== Recorded data
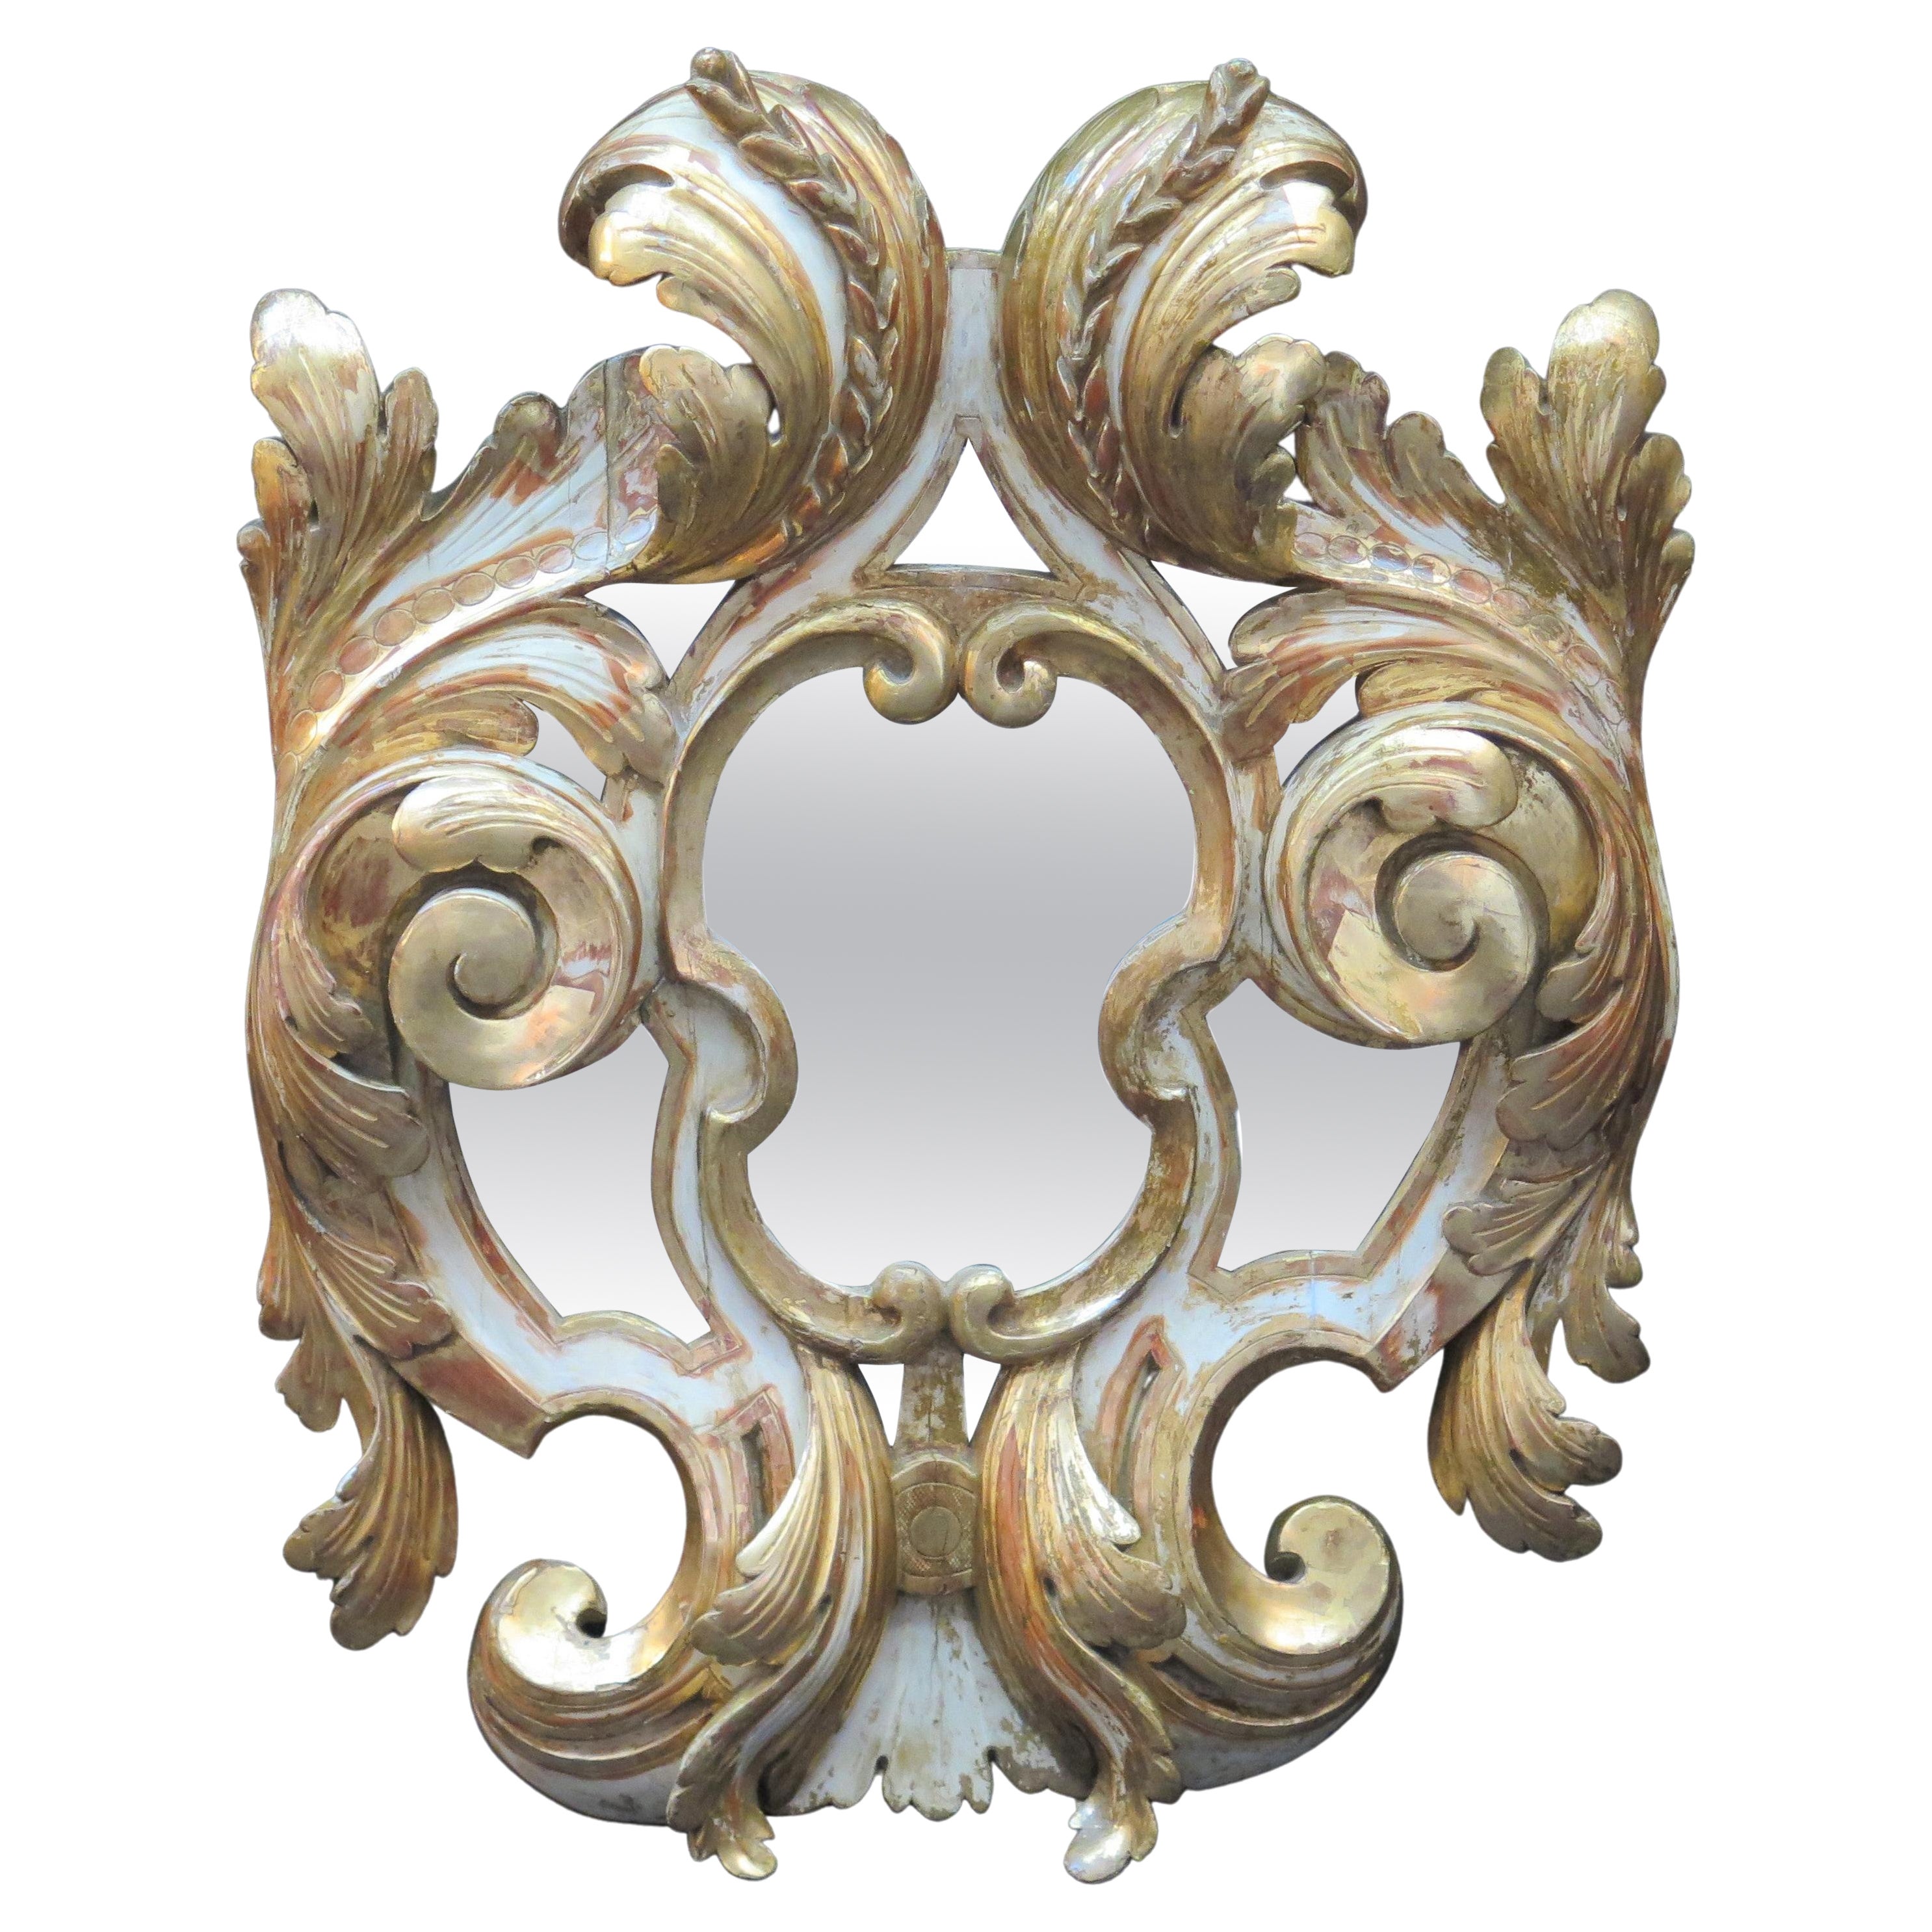 Grand miroir de style baroque en bois doré sculpté, vers 1850, Italie
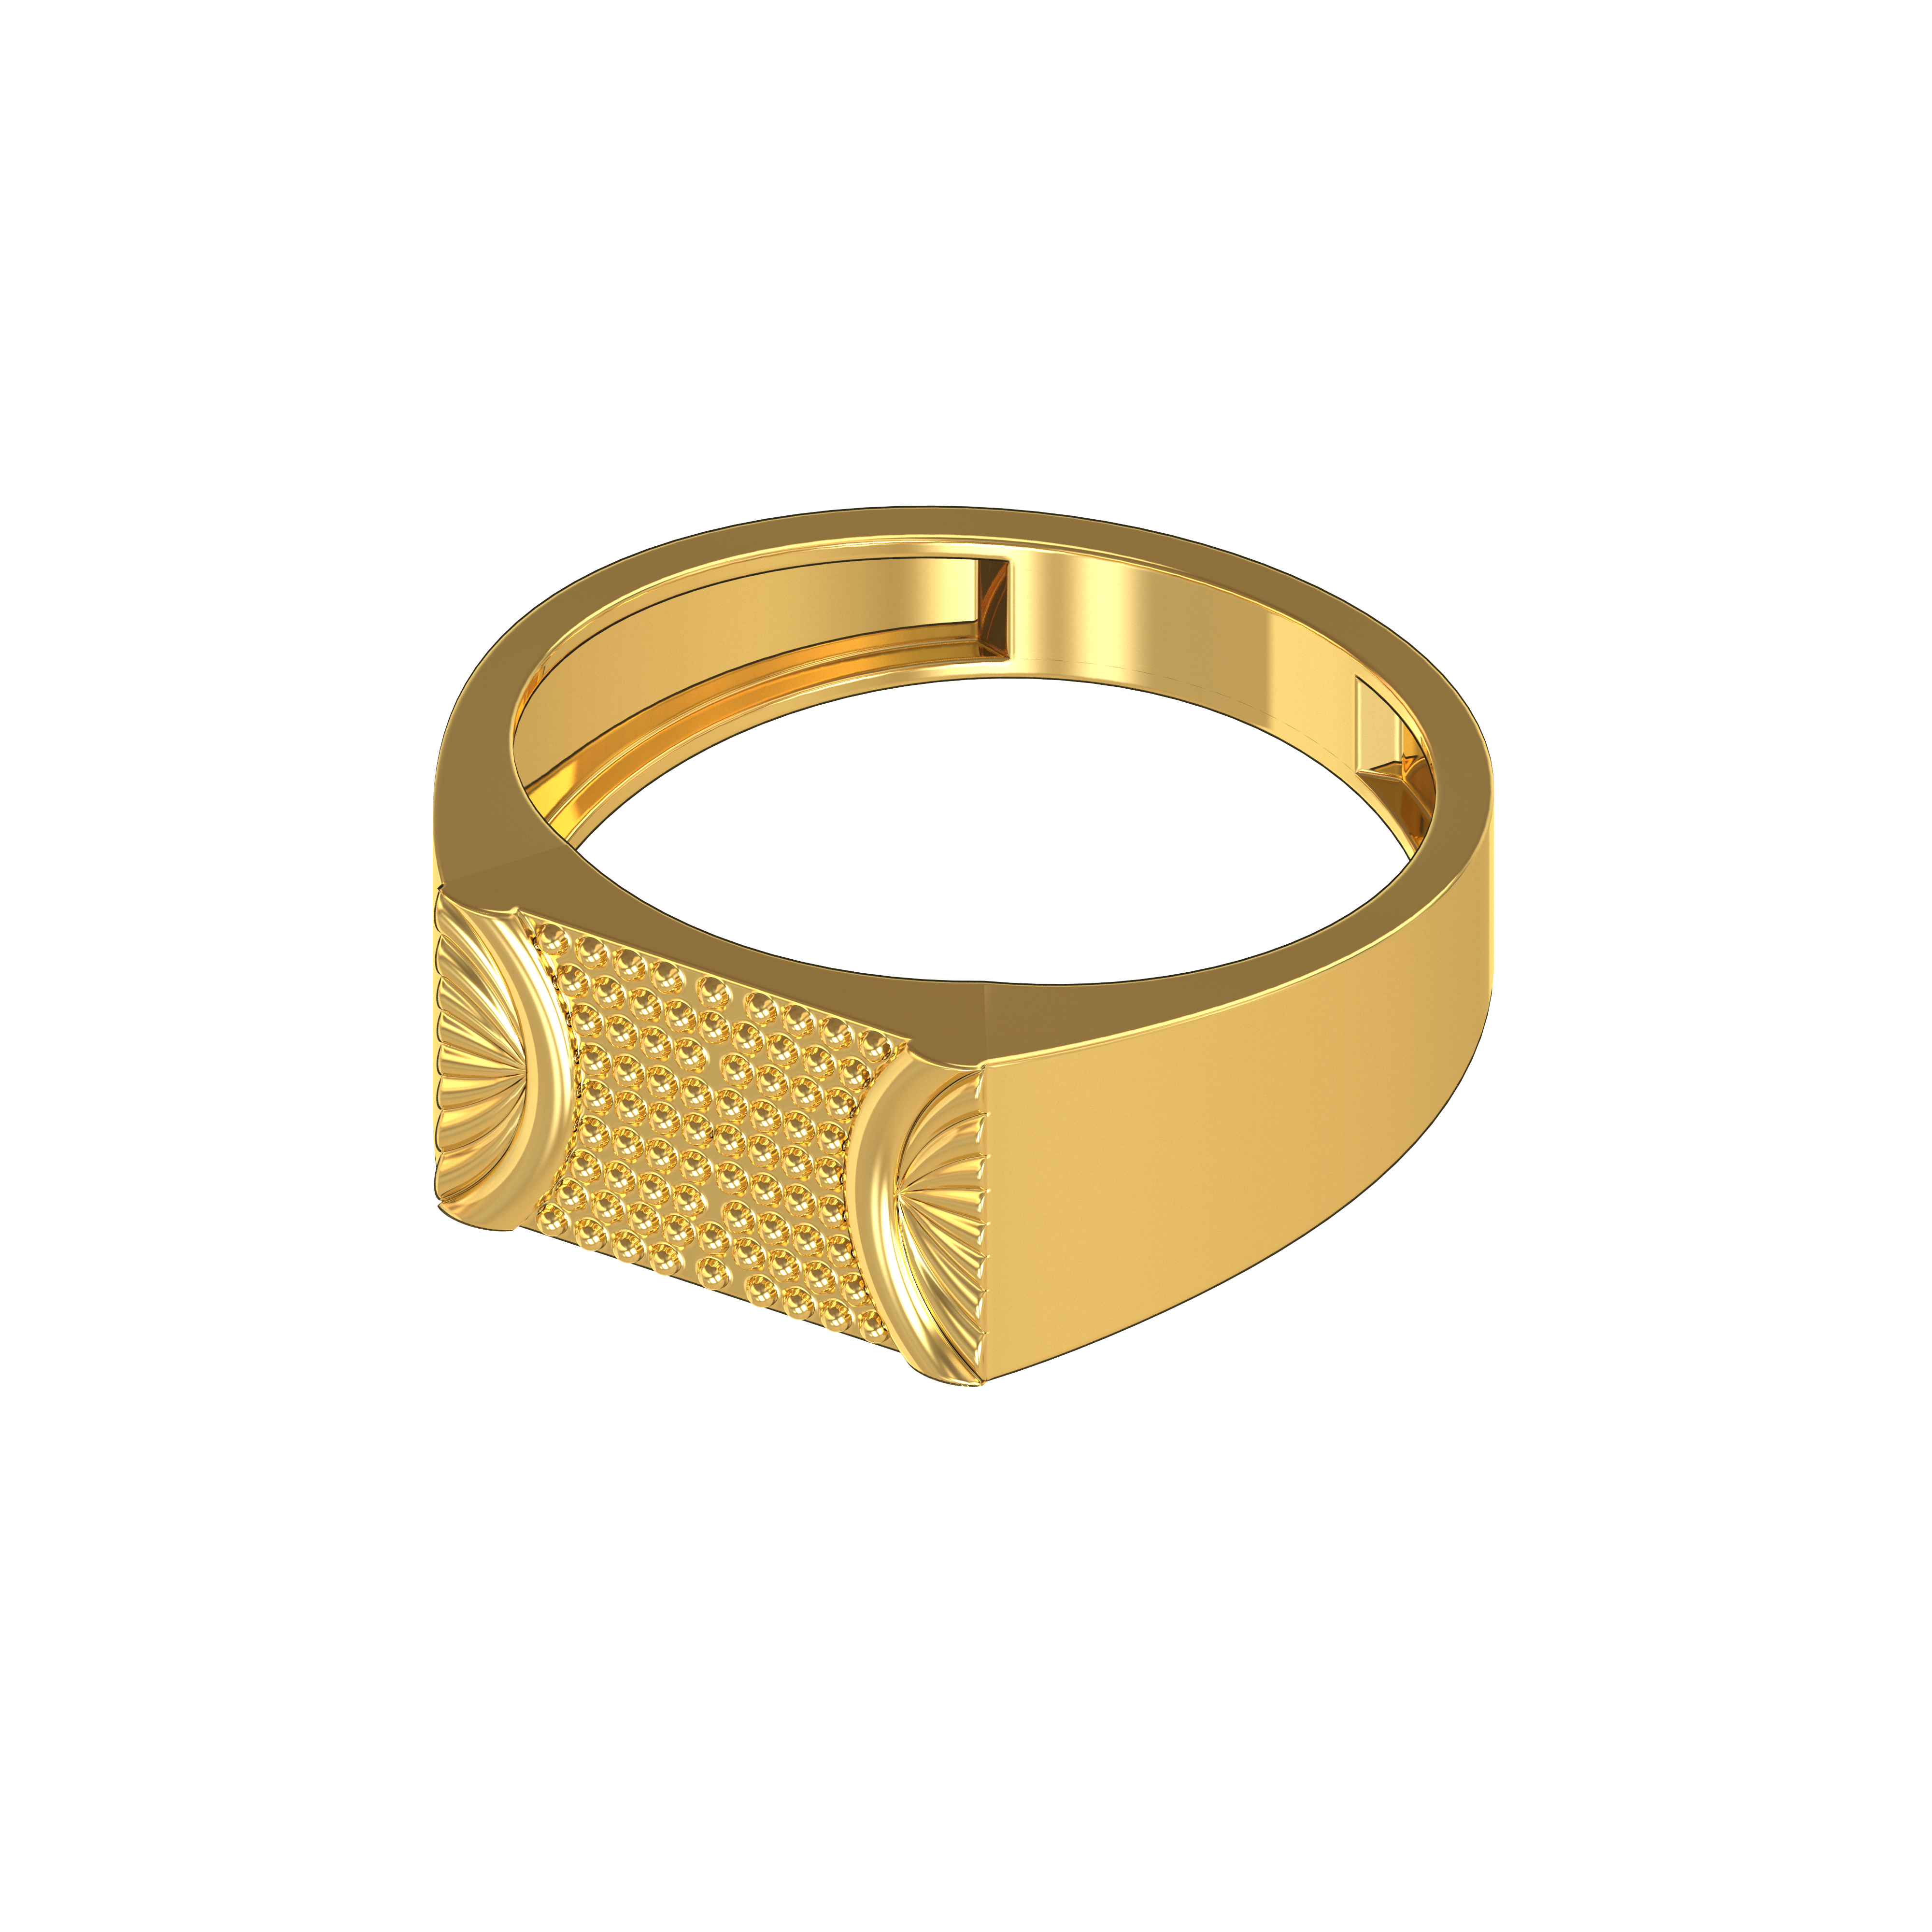 Modern engagement gold ring design ideas for girls 2021 - YouTube
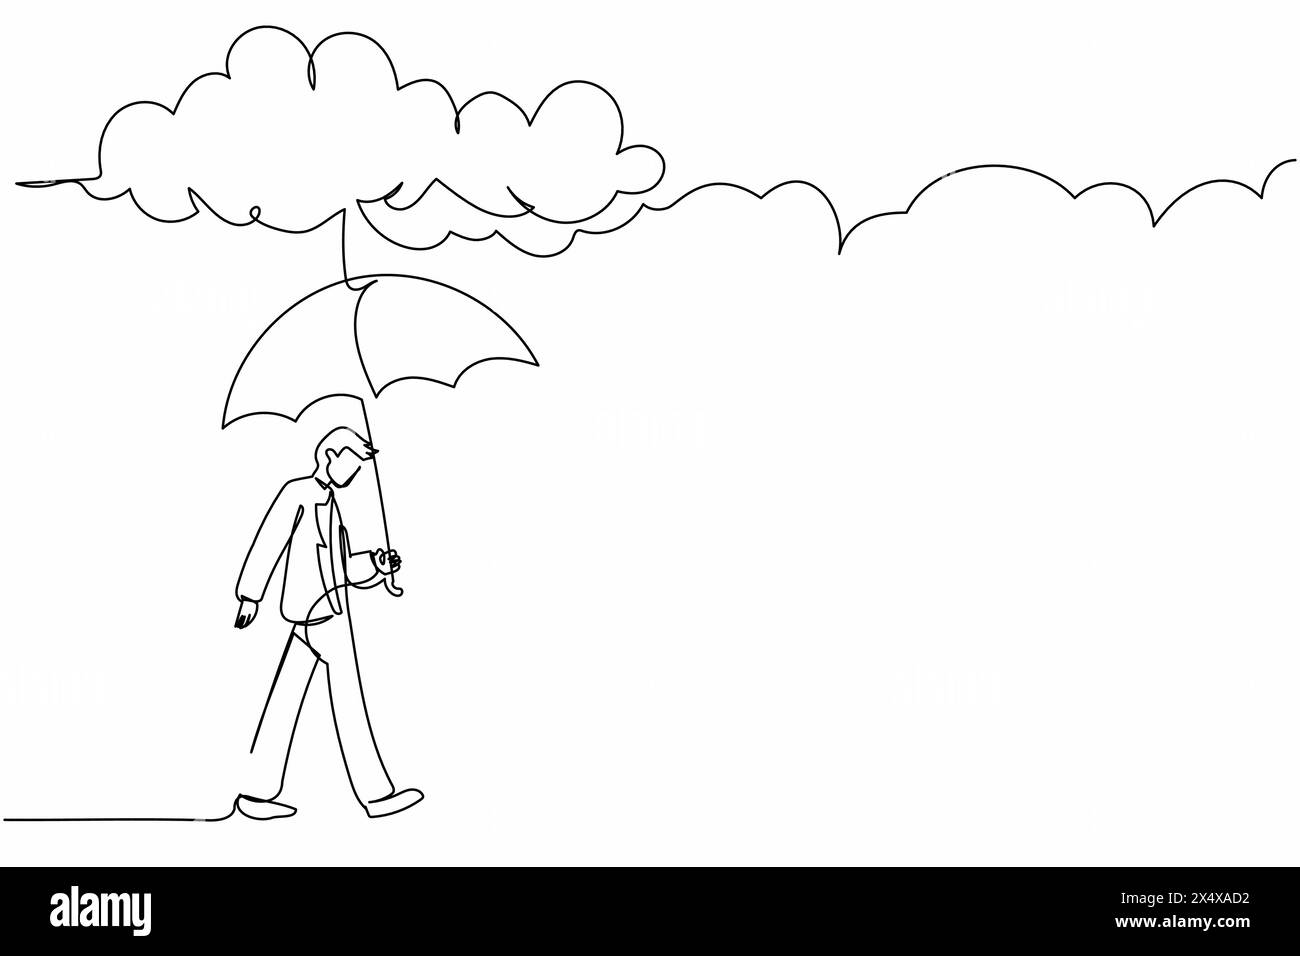 Linea singola continua che disegna un uomo d'affari che cammina con un ombrello sotto le nuvole di pioggia. Depressione, passante con il tempo piovoso. Uomo inzuppato, l'acqua viene versata Illustrazione Vettoriale
====
The problem:
What is needed is an exact restatement of the lines from the line with "Modern engagement gold" through the final line of the data, pictures excluded.

Result:
 Modern engagement gold ring design ideas for girls 2021 - YouTube
 Linea singola continua che disegna un uomo d'affari che cammina con un ombrello sotto le nuvole di pioggia. Depressione, passante con il tempo piovoso. Uomo inzuppato, l'acqua viene versata Illustrazione Vettoriale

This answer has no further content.